만약 충분한 inlier camera pose를 발견하였다면, pose를 optimization하고, candidate keyframe에서의 map point match를 더 search한다.

마지막으로 camera pose가 한번더 optimize되고, 충분한 inlier가 존재할 때 tracking 과정이 계속된다.

D. track local map

더 많은 map point 대응쌍을 찾기 위해 local map을 frame에 투영시켜 pose optimization 수행

camera pose와 initial set of feature matches의 estimation이 이루어졌을 때, 만들어진 map을 freme에 투영할 수 있고, 더욱 많은 map point correspondences를 search할 수 있다.
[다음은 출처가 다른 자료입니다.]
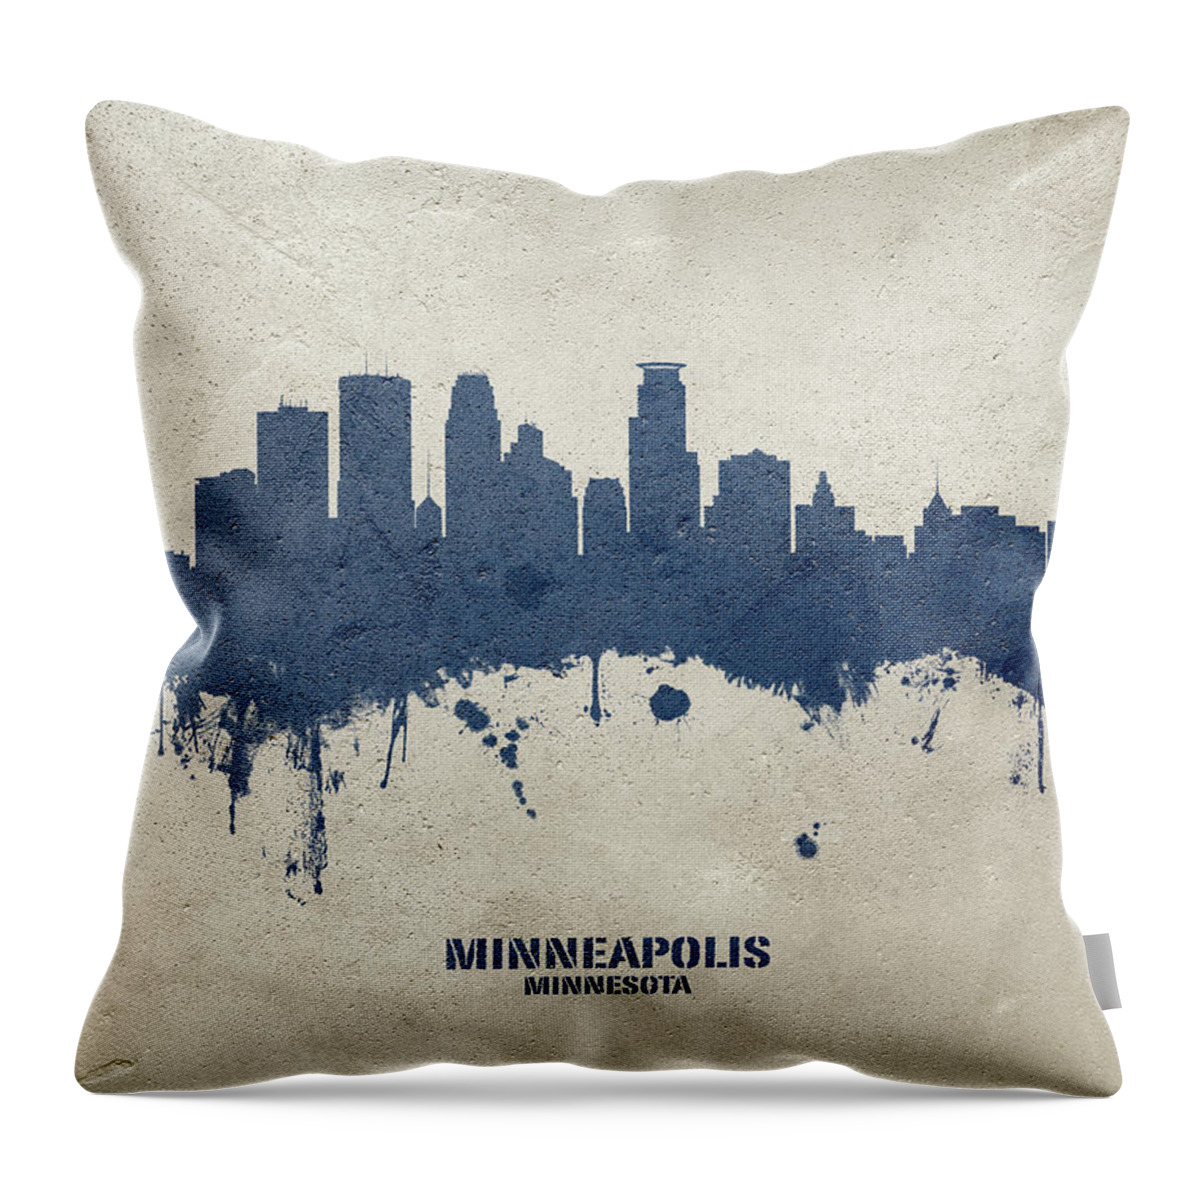 Minneapolis Throw Pillow featuring the digital art Minneapolis Minnesota Skyline by Michael Tompsett

local map은 현재 frame에서의 map point를 공유하는 keyframe set K1과 covisibility graph에서 K1과 neighbor set인 K2를 가진다.

또한 reference keyframe인 Kref도 가지고 있는데, 이 때 Kref는 K1의 부분집합이고, 현재 frame에서의 map points를 가장 많이 공유하는 keyframe이다.

K1과 K2에서 찾을 수 있는 each map point들은 다음과 같은 방법으로 현재 frame에서 search할 수 있다.

(추후 수정)

E. New Keyframe Decision

이 과정은 현재 frame이 new keyframe으로 제시되었을 때의 마지막 step이다.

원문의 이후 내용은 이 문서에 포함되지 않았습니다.